IndusInd bank also indicated there will be preferential allotment of warrants to the promoters of IndusInd in accordance with the applicable RBI and Sebi guidelines as an anti-dilutive measure. The promoter holding, which will first get diluted by 1.5%, will rise back to 15% post the issue of warrants, the bank indicated. The management said there will be no change in the board of IndusInd bank and an MFI advisory committee will be set up for the wholly owned subsidiary. Last month, both the entities had initiated talks to explore the possibility of merger. BFIL, formerly SKS Microfinance, had a customer base of 68 lakh and loan portfolio of `7,709 crore as of June 30.

However, the microfinance company suffered a loss of `37 crore for the quarter to June.
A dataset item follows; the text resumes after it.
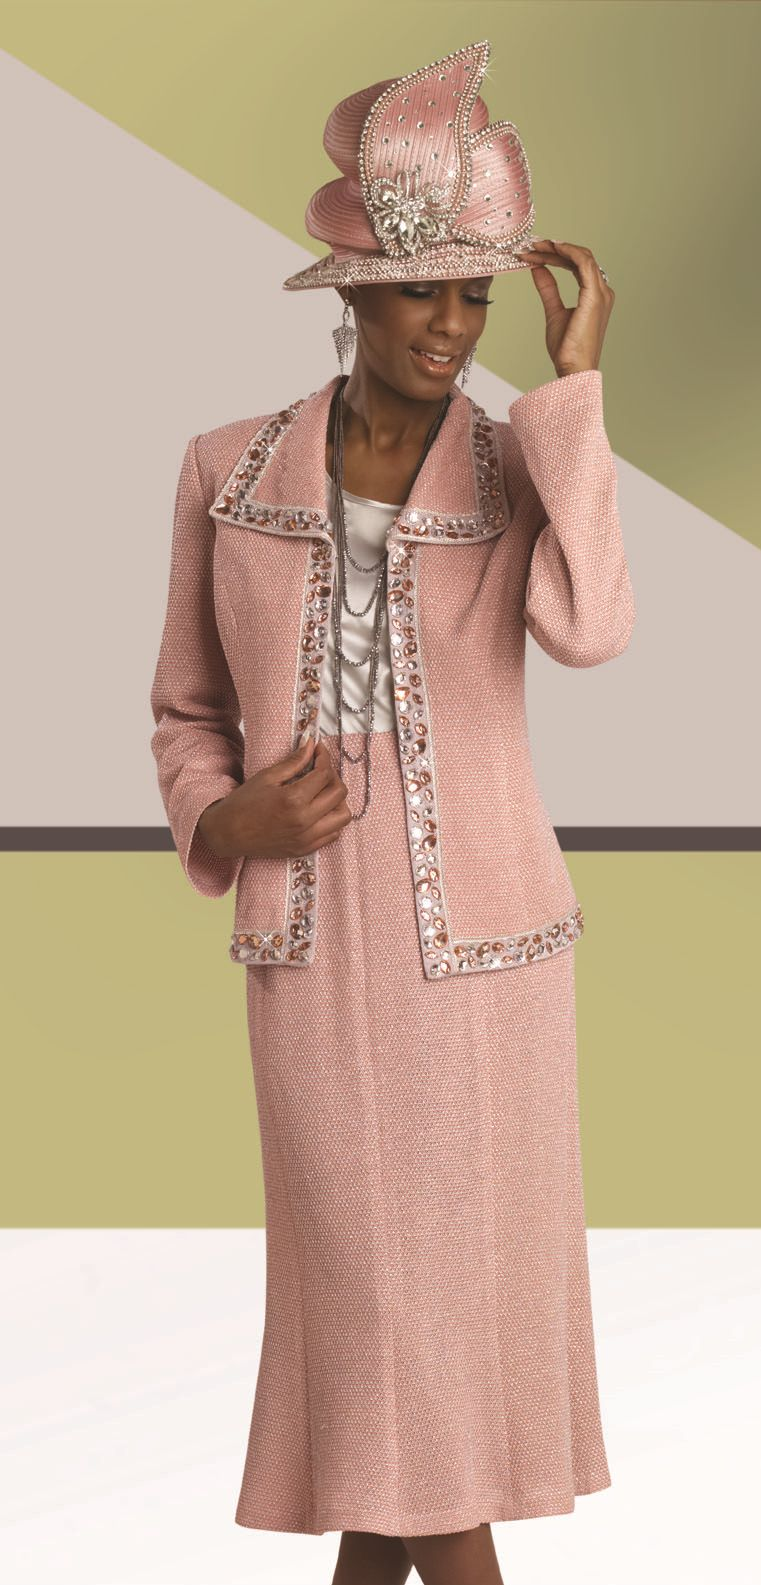 Donna Vinci Knits : Donna Vinci Knits 13054 Womens 3pc Church Suit - French Novelty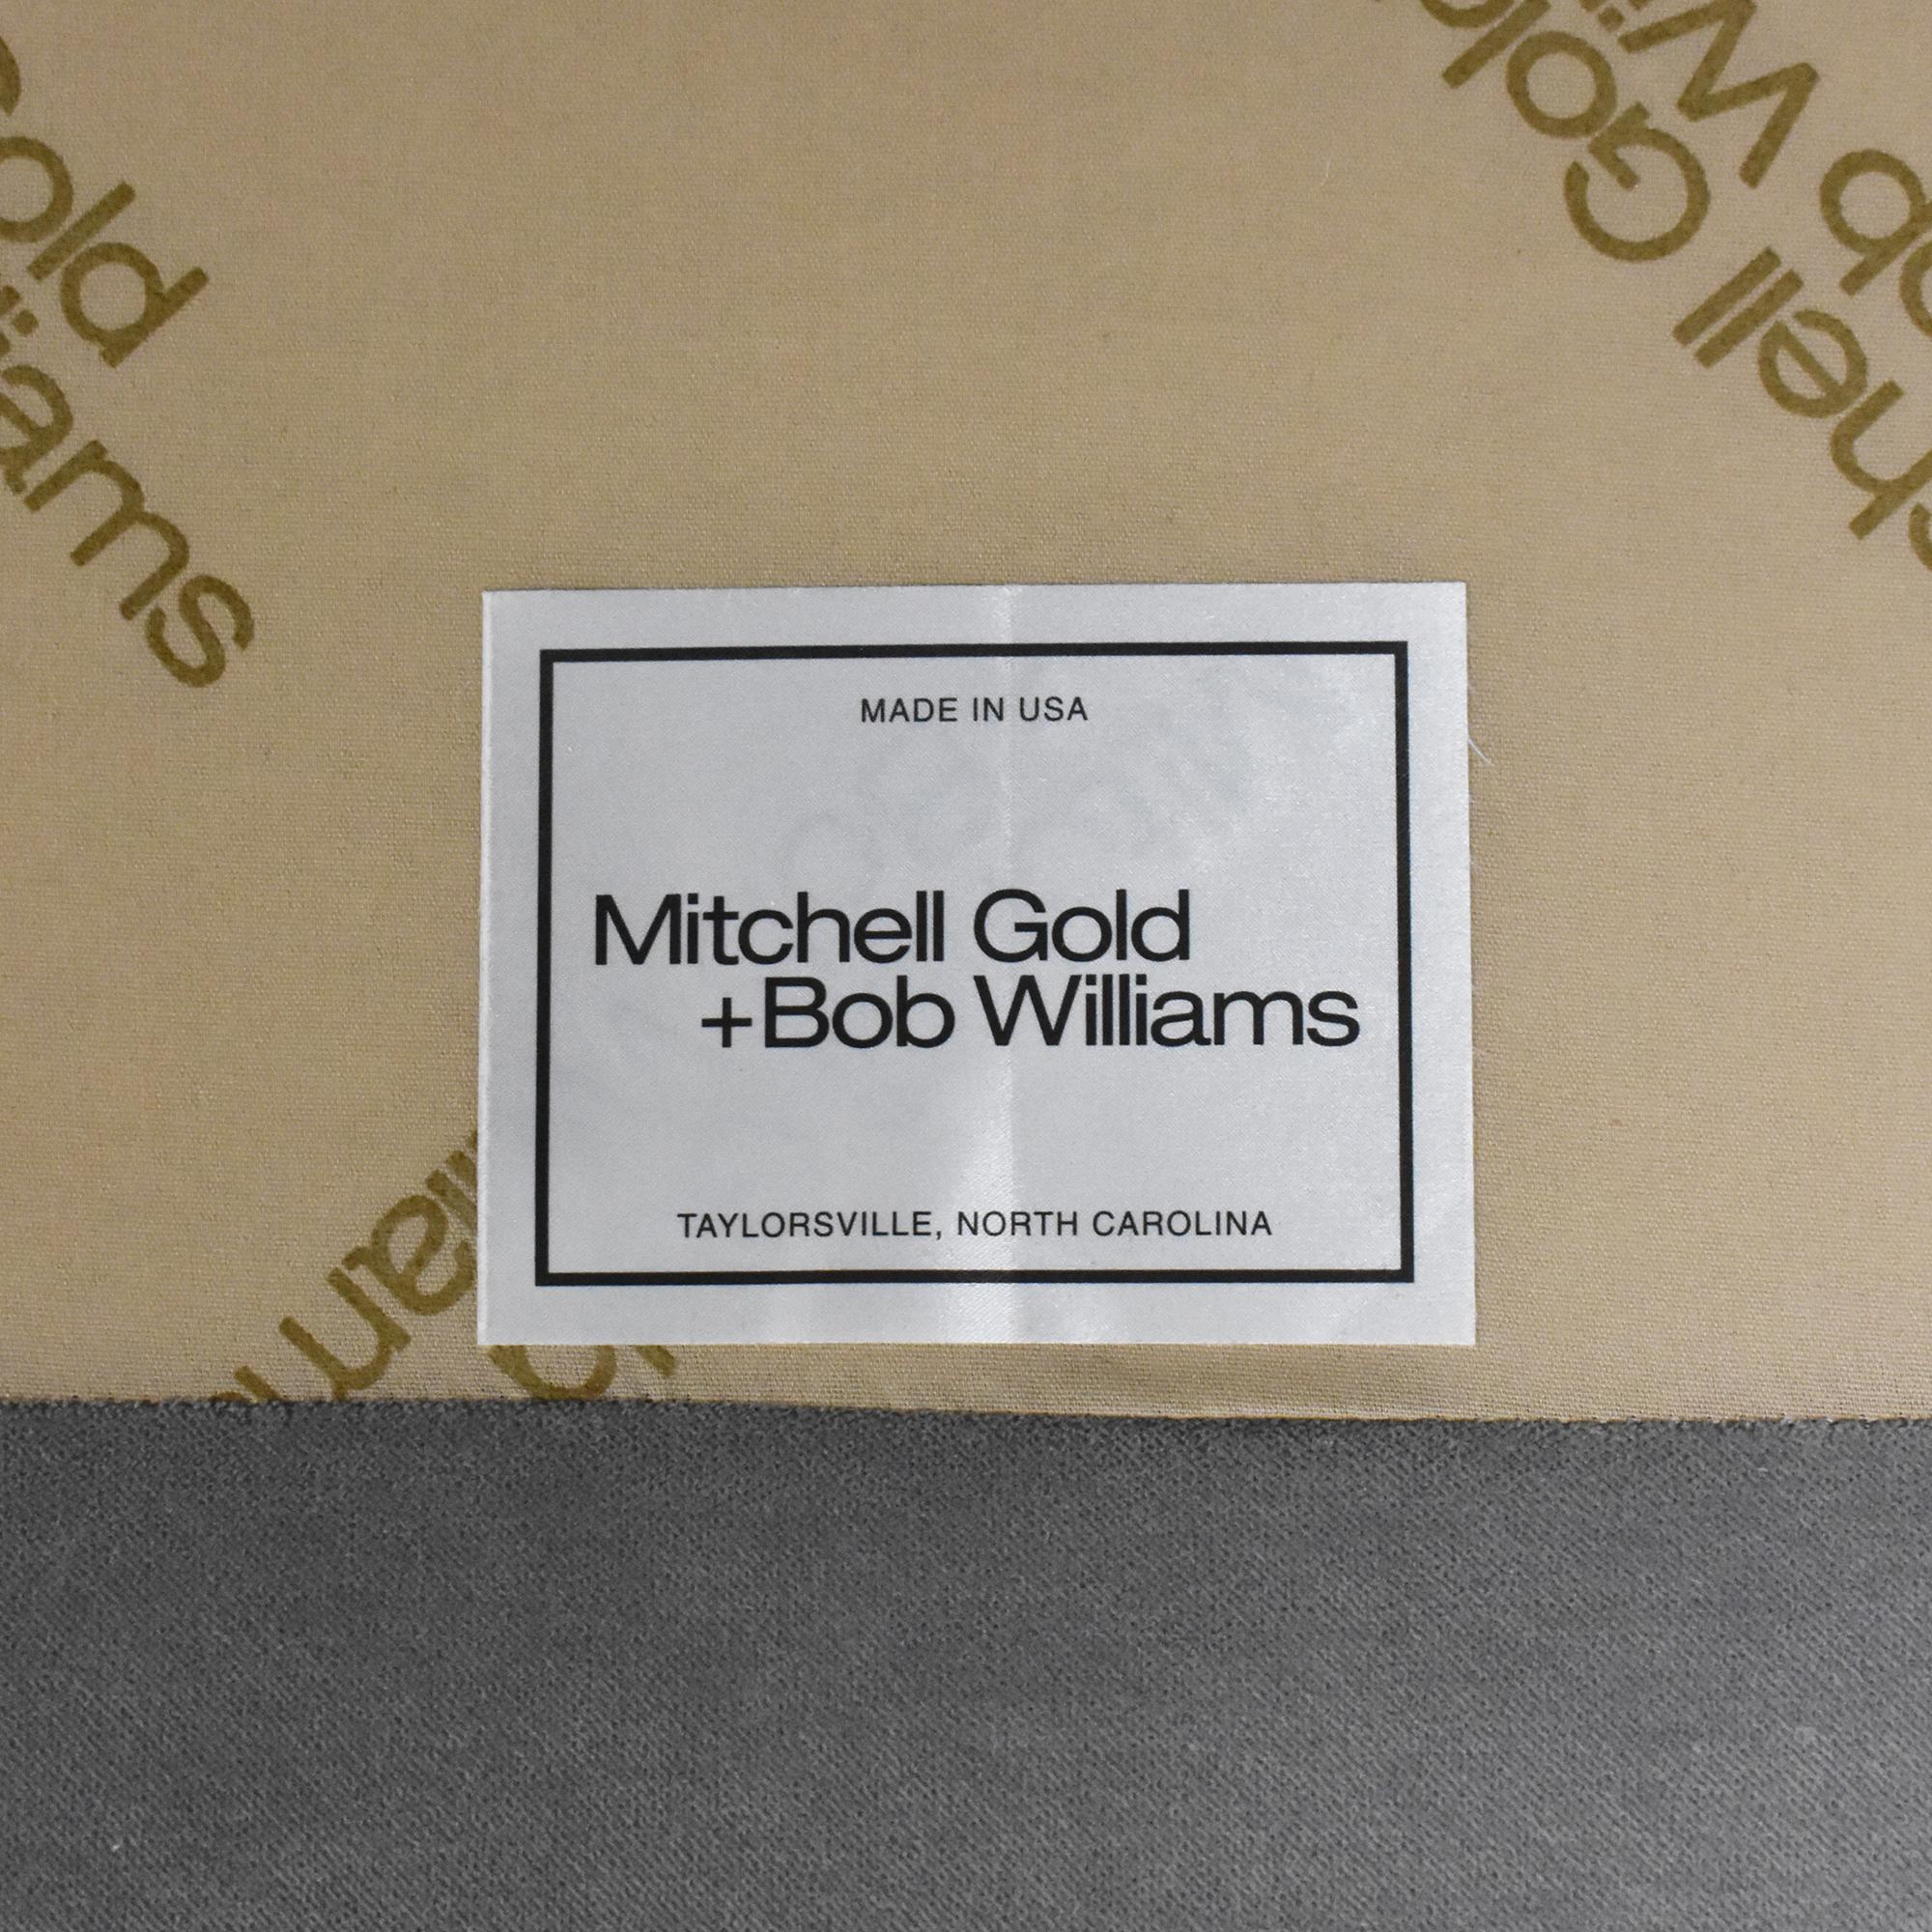 shop Mitchell Gold + Bob Williams Keaton Chaise Sectional Sofa Mitchell Gold + Bob Williams Sofas

For 2016-17, the company had recorded a profit of `290 crore. MR Rao, MD and CEO at BFIL, pointed out that with IndusInd, BFIL will have the advantage of deriving the benefit of a large universal bank from the first day. “Our network, client base and last-mile customer access to one lakh villages are unique. We are excited with the possibilities the merger will bring,” Rao said.